На западе были немцы. Они заключили в Бресте мир с главковерхом Крыленко, и евреи Иоффе и Карахан продавали им Россию. Они методично и безпрепятственно входили в вековые русские земли, они занимали Псков, угрожая Петербургу, они входили в Украину и приближались к Донскому Войску.

Тогда, когда Крыленко отдал приказ: «с казаками борьба ожесточеннее, нежели с врагом внешним», Корнилов смотрел на большевиков с их Крыленками, Иоффе, Бонч-Бруевичами, Троцкими и Лениными лишь как на орудие немцев и полагал главную борьбу не с ними, а с немцами. Большевиков он рассматривал только как изменников, изменивших России и предававших ее врагу, а потому подлежащих простому уничтожению, как уничтожается на войне всякий, предавшийся врагу.

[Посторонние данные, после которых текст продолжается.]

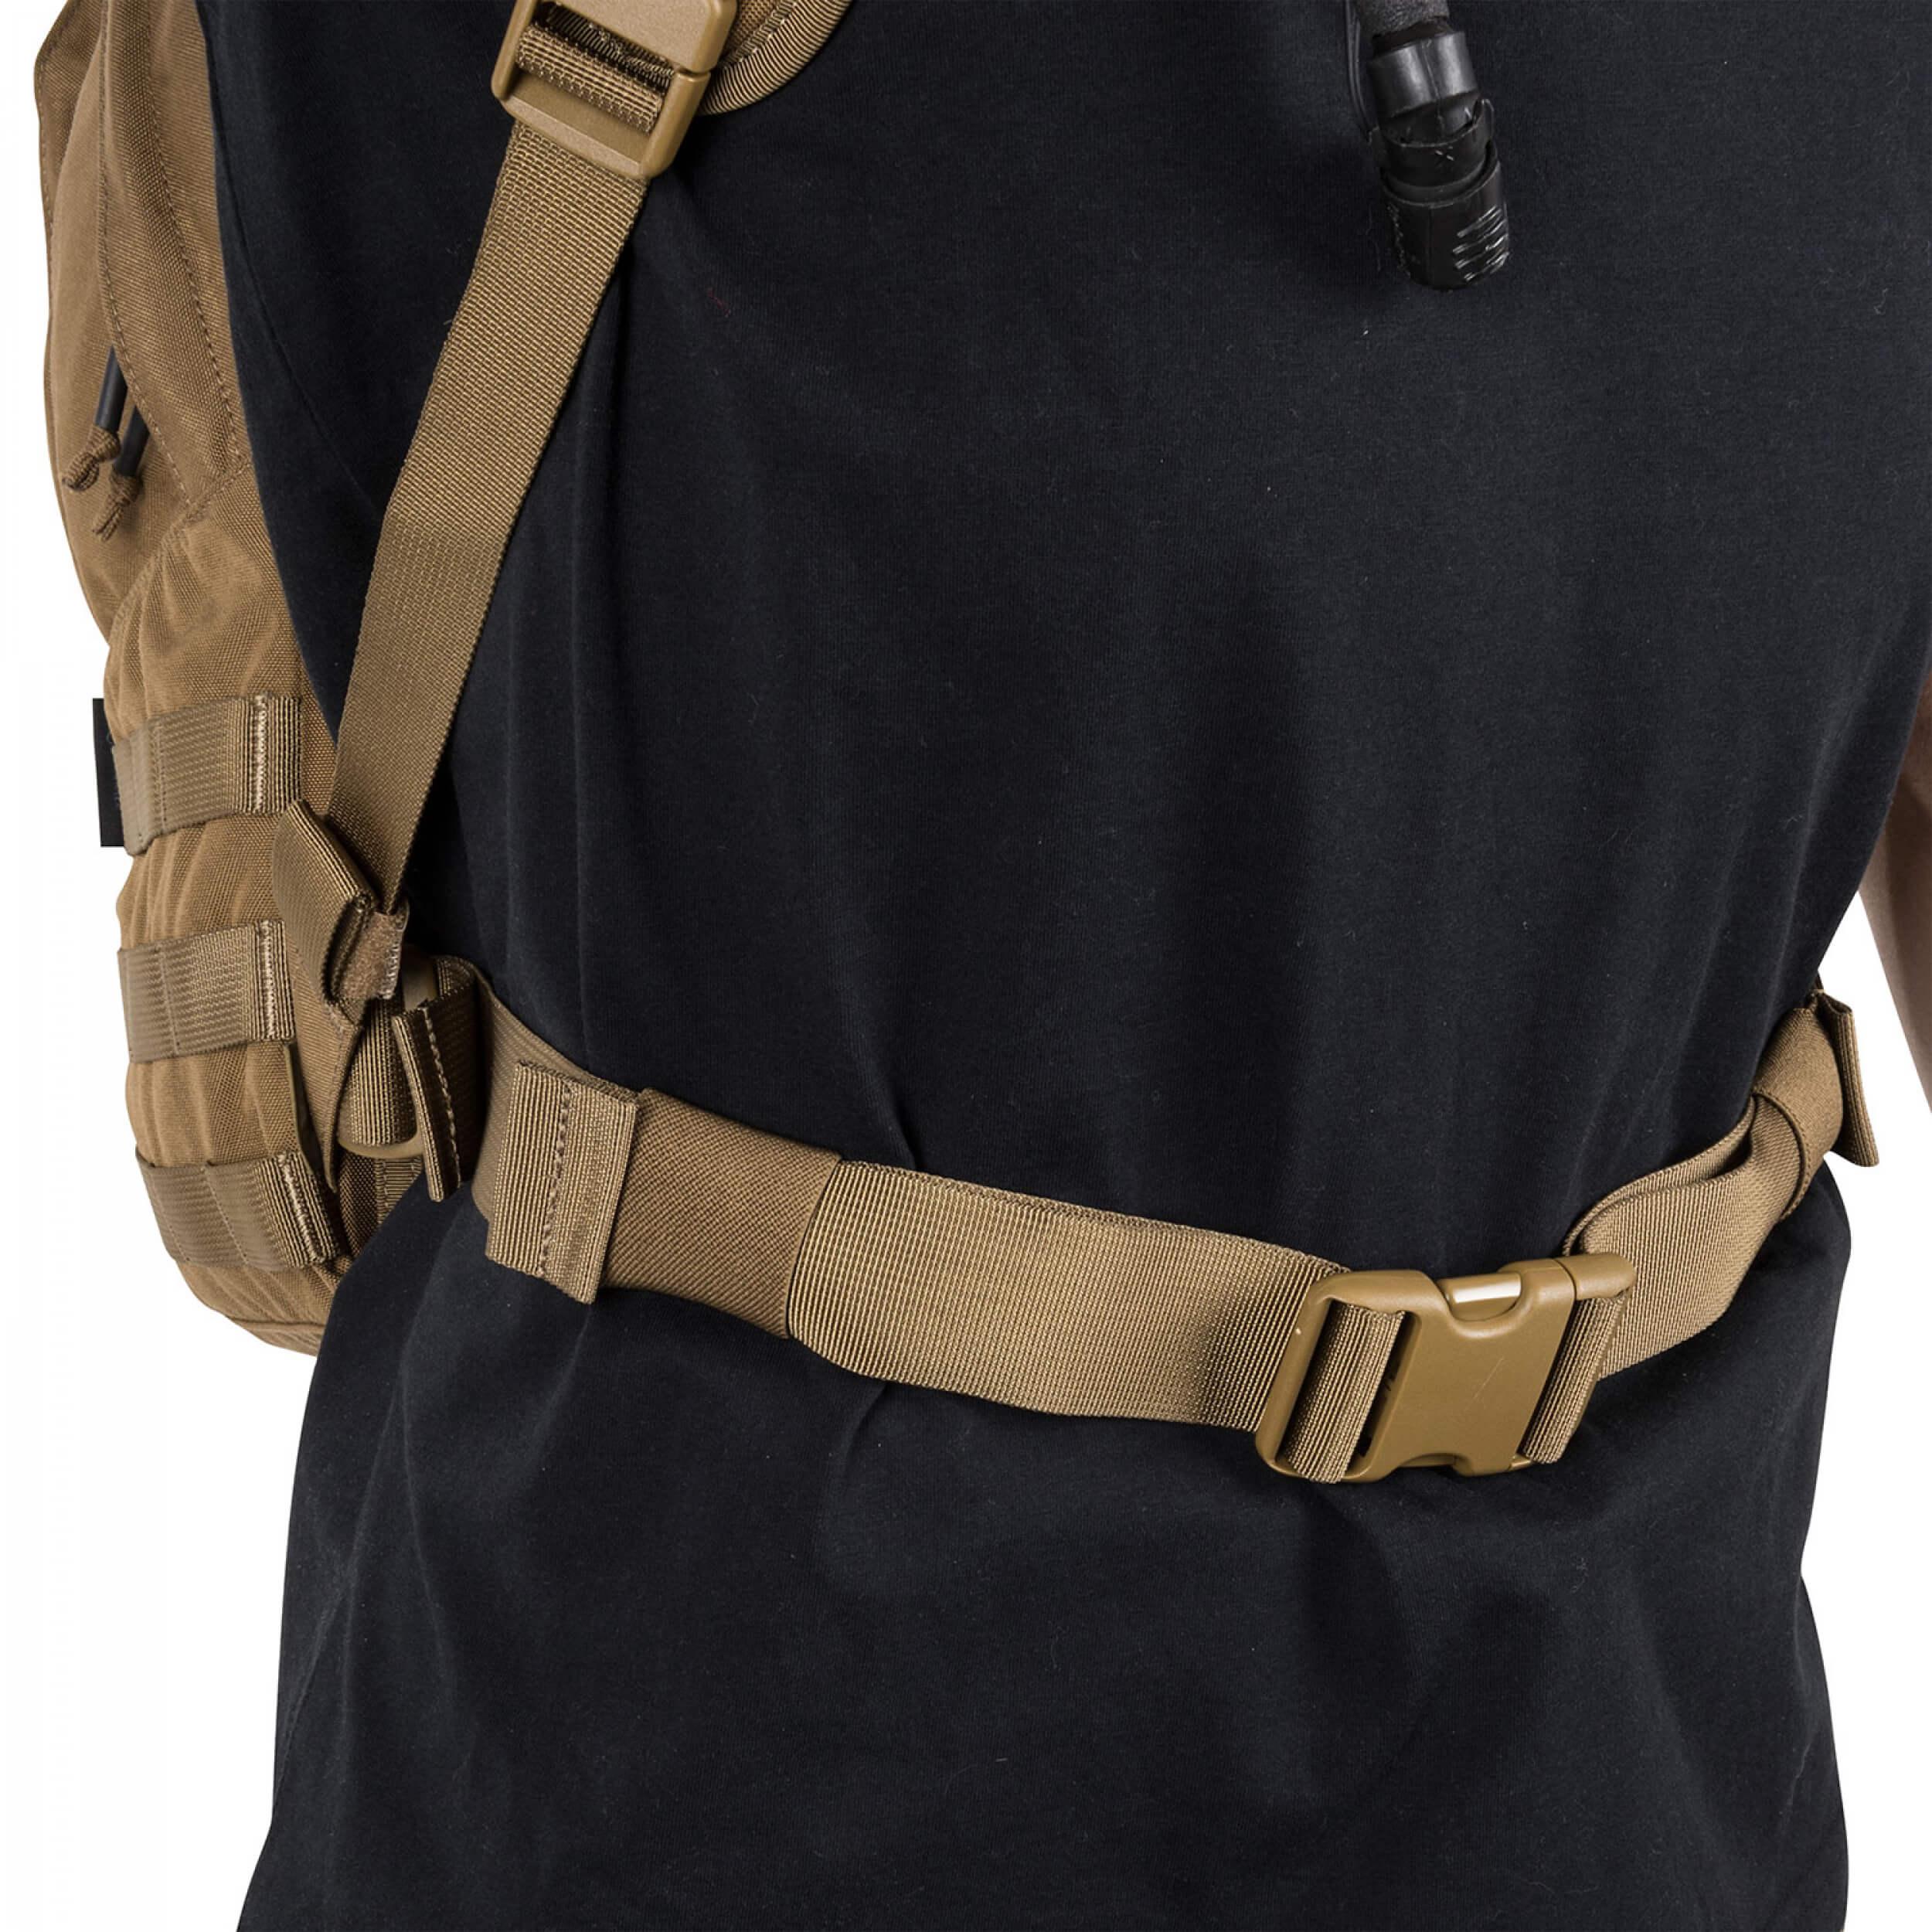 Helikon-Tex EDC Pack -Cordura- Multicam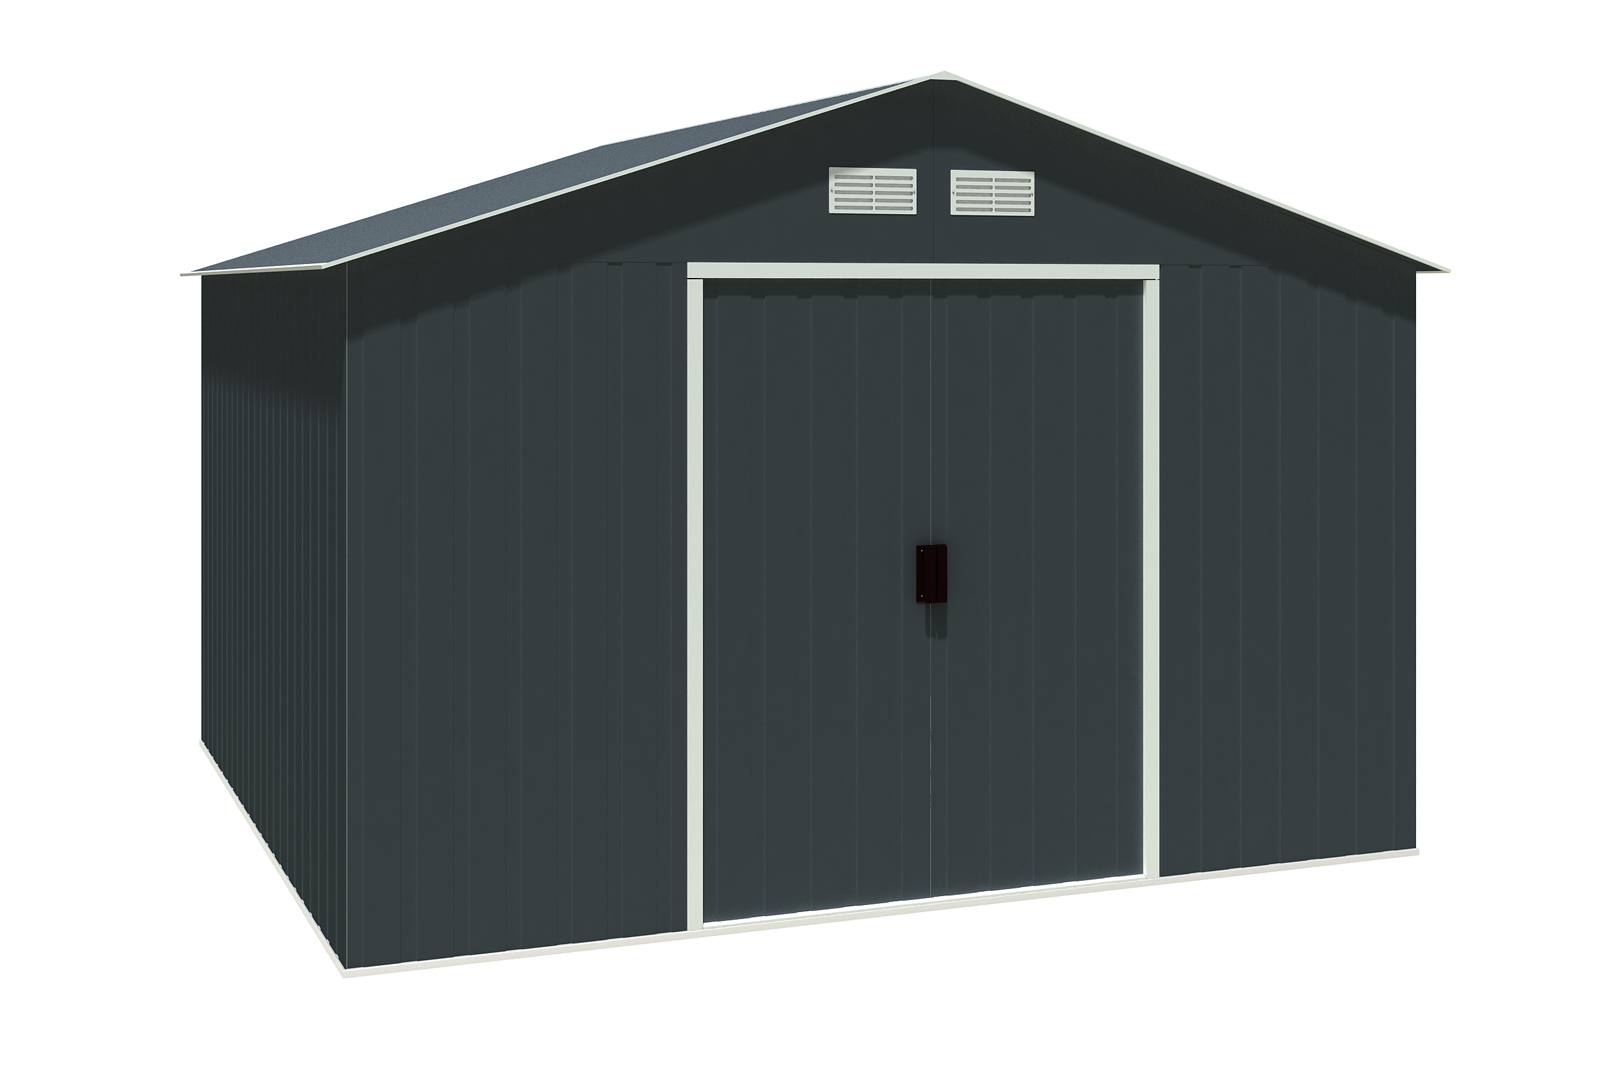 metallger tehaus colossus 10x10 anthrazit 7247. Black Bedroom Furniture Sets. Home Design Ideas

Корнилов понимал, что с четырьмя тысячами офицеров и юнкеров, плохо вооруженных, обремененных громадным обозом с больными и ранеными, с гражданскими беженцами, он не может воевать с Германской императорской и королевской армией, и он уходил туда, где бы можно было спокойно отдохнуть, оправиться и выждать победы союзников, их настоящей помощи и отрезвления русского народа. Он шел от немцев. Немцы шли с запада — он шел на восток. Никто не знал его планов, никого он не посвящал в свои вечерние думы, когда где-либо в маленькой казачьей хате, разложив карту на столе и засветив свечу, он смотрел на нее узкими косыми блестящими глазами. Перед ним открывался тот широкий проход из Азии в Европу, по которому двигались войска Тамерлана, по которому шел Чингисхан. Годы молодости вспоминались ему, пустыни и горы красивого знойного Семиречья, полный поэтической грусти Ташкент, земной рай — благодатная Фергана и волшебная сказка мира пестрая Индия. Все это ему с детства было знакомо. Все это было родное ему. Там он мог соединиться с англичанами и образовать с ними вместе новый восточный фронт, выдвинувшись к Уральскому хребту, к Волге. О! Все равно где, но только драться с немцами и победить, победить их во что бы то ни стало!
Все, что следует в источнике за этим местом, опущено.